The 80860 Microprocessor, recently introduced by Intel (see "The Intel 860," in the April issue of MIPS), is a high performance RISC chip with integrated floating-point and 3D graphics units. In this two-part article, I'll examine the architectural details of the chip--the functional units, memory organization, the instruction set, and other topics.
The 860's large number of transistors--over a million on a 10- x 15-mm die--sets an integration record for single-chip processors. The 80860 sports about 300,000 transistors, and the MIPS Computer Systems R2000 RISC processor uses fewer than 100,000. The number of transistors on the 860 allow the three key architectural elements of a workstation-class chip set--CPU, floating-point processor, and memory management--to be combined on one chip, making low-cost, high-function systems possible.
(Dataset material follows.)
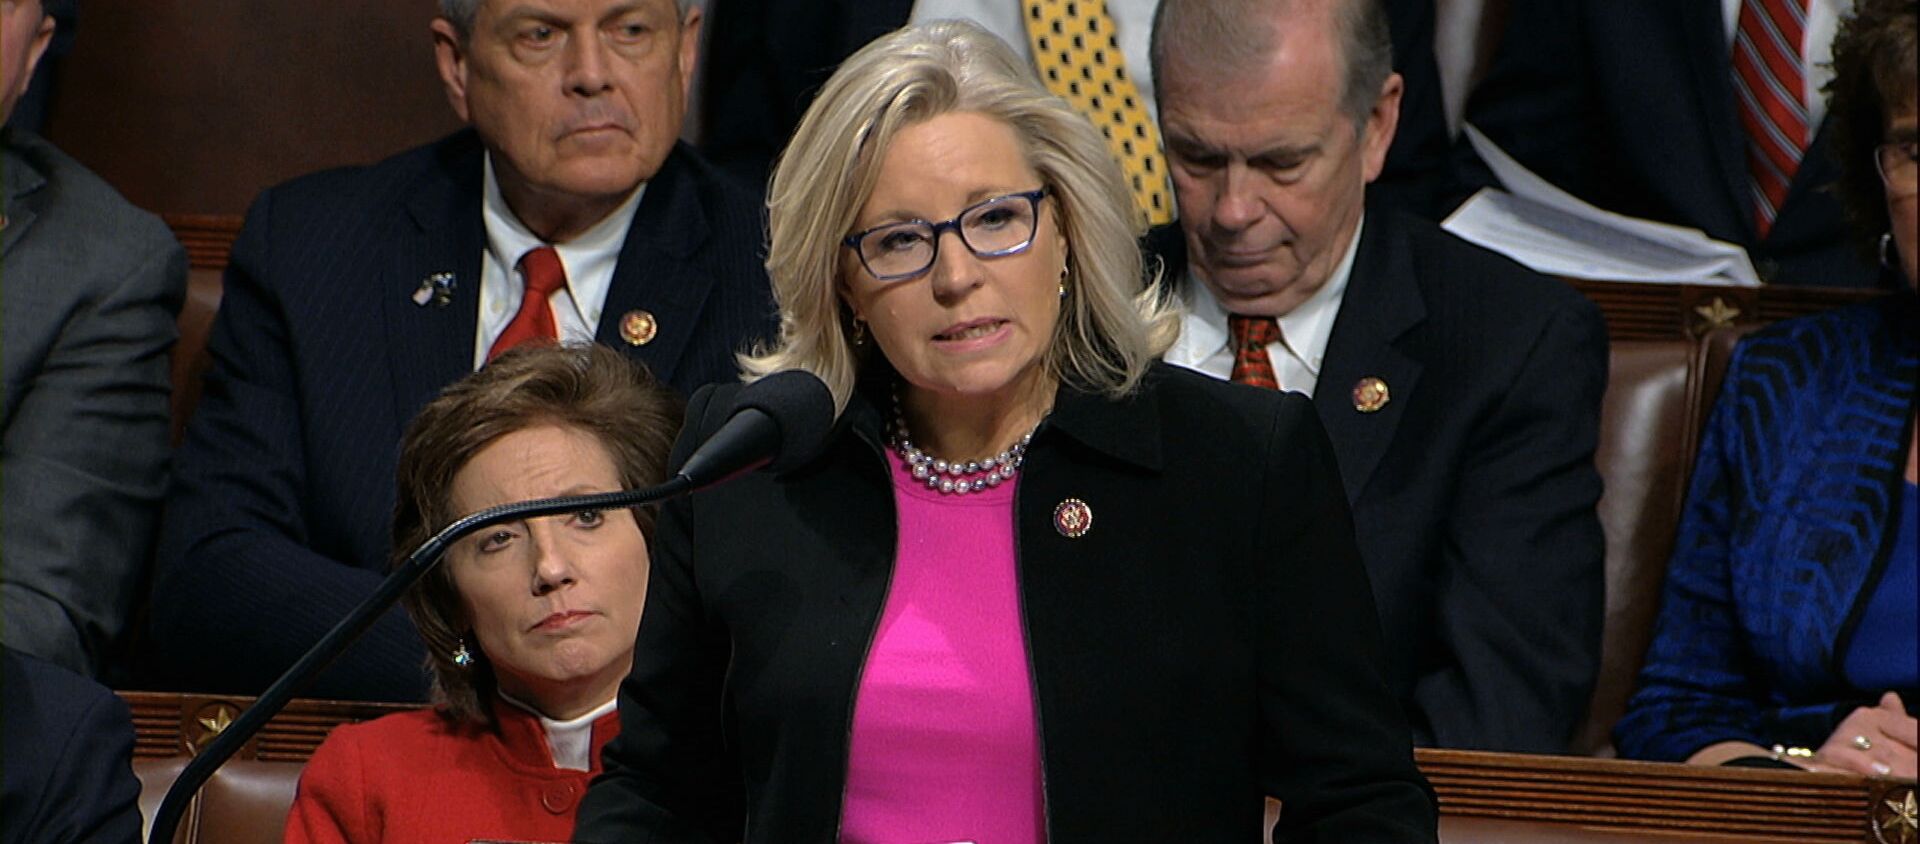 Rep. Liz Cheney, R-Wyo., speaks as the House of Representatives debates the articles of impeachment against President Donald Trump at the Capitol in Washington, Wednesday, Dec. 18, 2019. - Sputnik International, 1920, 05.05.2021

The other defining characteristic of the 860 is its high clock speed. It will initially be offered at 33 Mhz and 40 Mhz, with a 50 Mhz version to follow next year. At typical RISC speeds of 12 to 20 Mhz, processors like the SPARC and Motorola 88000 still outperform 33-Mhz 80386's and 68030's. A solid RISC implementation such as the 860, running at CISC-like speeds of 33 Mhz and up, can be expected to perform very well.
AN ARCHITECTURAL OVERVIEW
The 860 is made up of a single paging-based memory management unit, with instruction and data caches, serving both a 32-bit RISC processing core (known in RISC circles as the integer unit) and a fast 64-bit floating-point unit.
Figure 1
shows a simplified version of the data and instruction flow on the chip.
The external data bus is 64 bits wide, a first in widely available microprocessors. Internal buses for the integer unit are all 32 bits, and there are 32 integer unit registers, each 32 bits wide. The floating-point unit, on the other hand, has all 64-bit data paths, except for a 128 bit connection between the data cache and the floating-point registers. The floating-point registers can be accessed as thirty-two 32-bit registers, sixteen 64-bit registers, or eight 128-bit registers.
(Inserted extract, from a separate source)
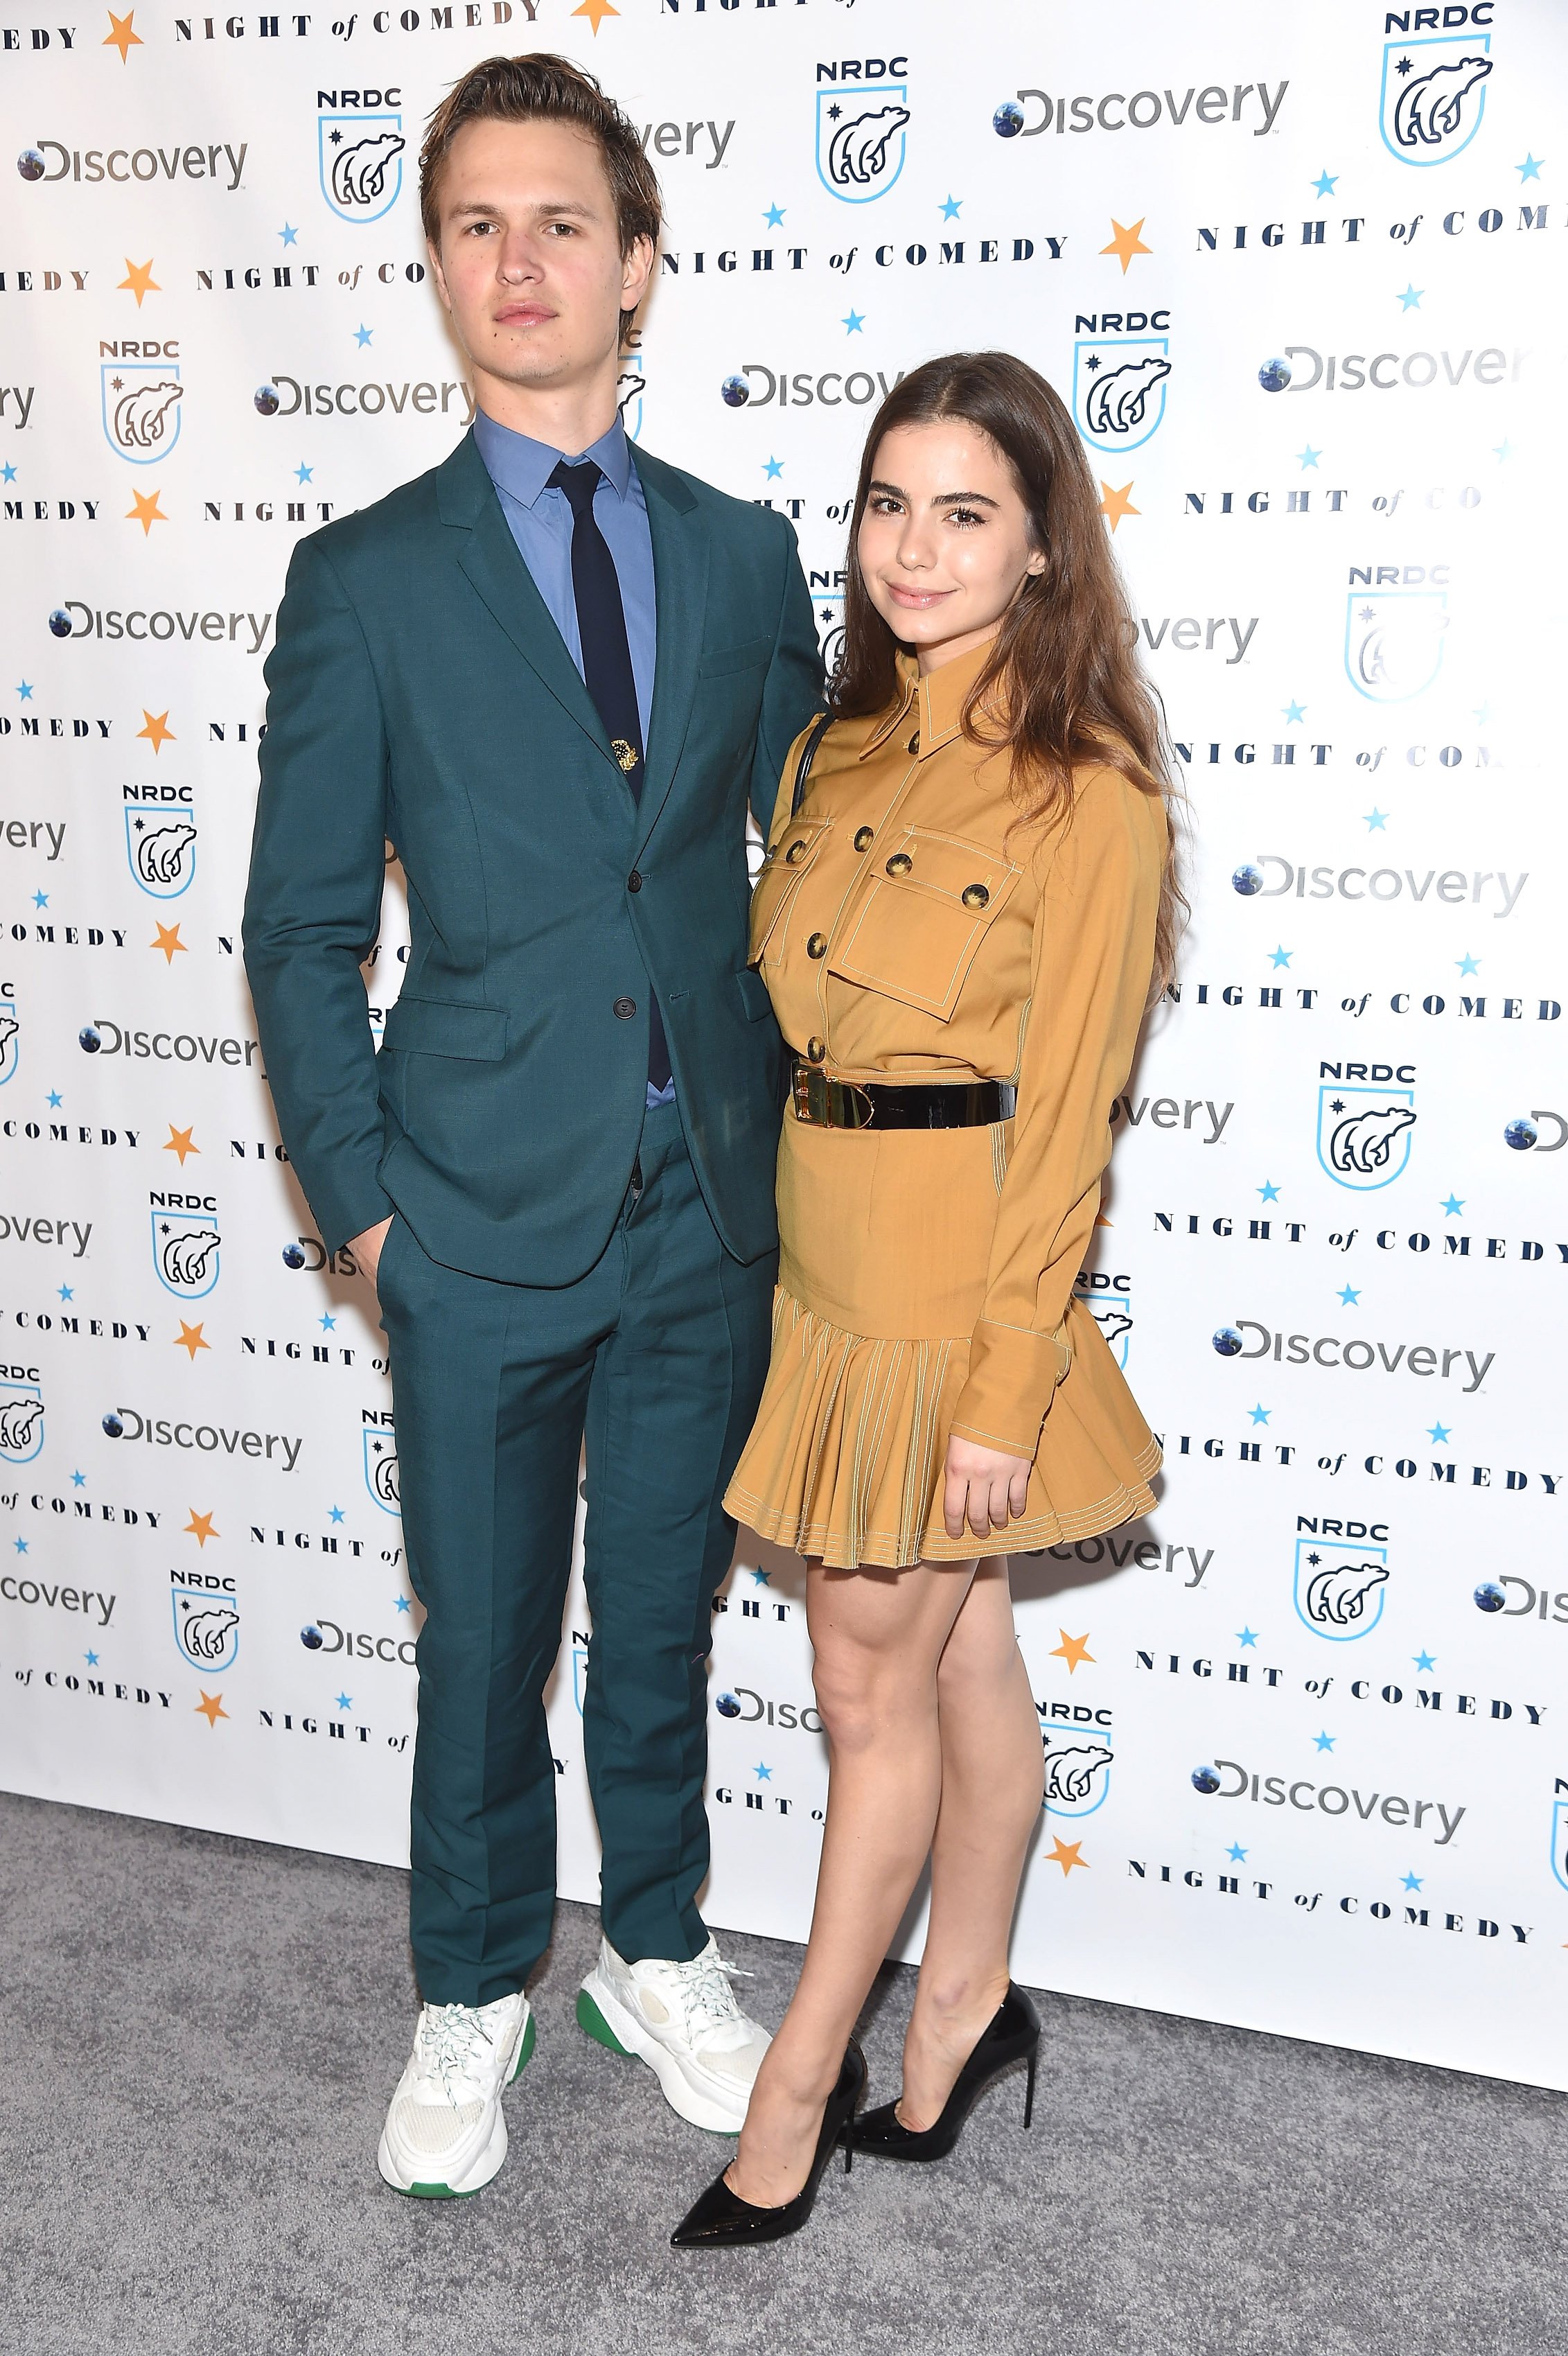 Actor Ansel Elgort and Violetta Komyshan attend the NRDC's 'Night of Comedy' benefit at New York Historical Society on April 30, 2019, in New York City. | Source: Getty Images

Address calculations are done in the integer unit and sent to a paging unit for page entry look-up and protection checking. The 860's 32 bit addressing (which matches that of the 80386 and the upcoming 80486 for coprocessing compatibility) allows access to up to 4 Gigabytes of data. Instructions are stored in a 4-Kbyte, read-only cache; data is stored in an 8-Kbyte write-back cache. Memory writes go to one of two 128 bit write buffers and are written to main memory only when there is no other bus traffic.
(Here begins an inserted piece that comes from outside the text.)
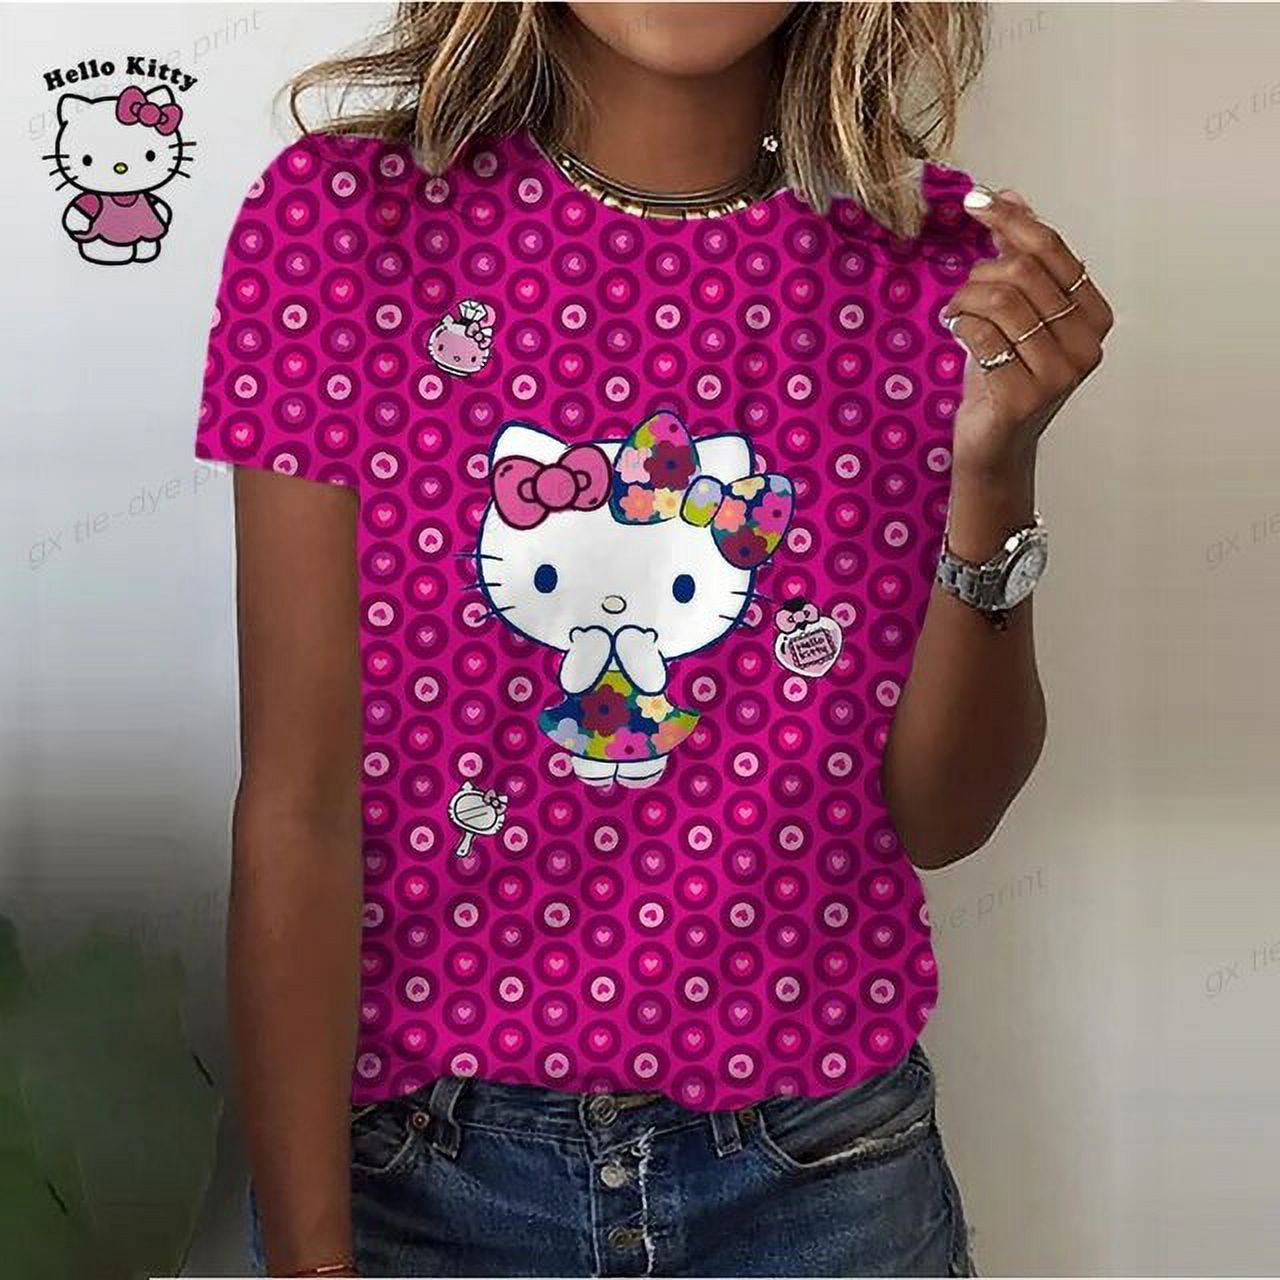 Summer Women‘s T Shirt For Ladies‘s Short Sleeve Tops Tees Fashion Print Hello Kitty Graphics T-shirt For Women‘s Y2k Clothing - image 1 of 7

Note that a single 64 bit bus goes into the instruction cache, while two 32 bit buses come out, one each for the integer unit and floating-point unit. This allows the 860 to fetch two instructions, such as a loop control instruction and a floating-point instruction, in one fetch, then simultaneously feed one instruction each to the data and floating-point units. In this dual-instruction mode, the instructions will execute in parallel.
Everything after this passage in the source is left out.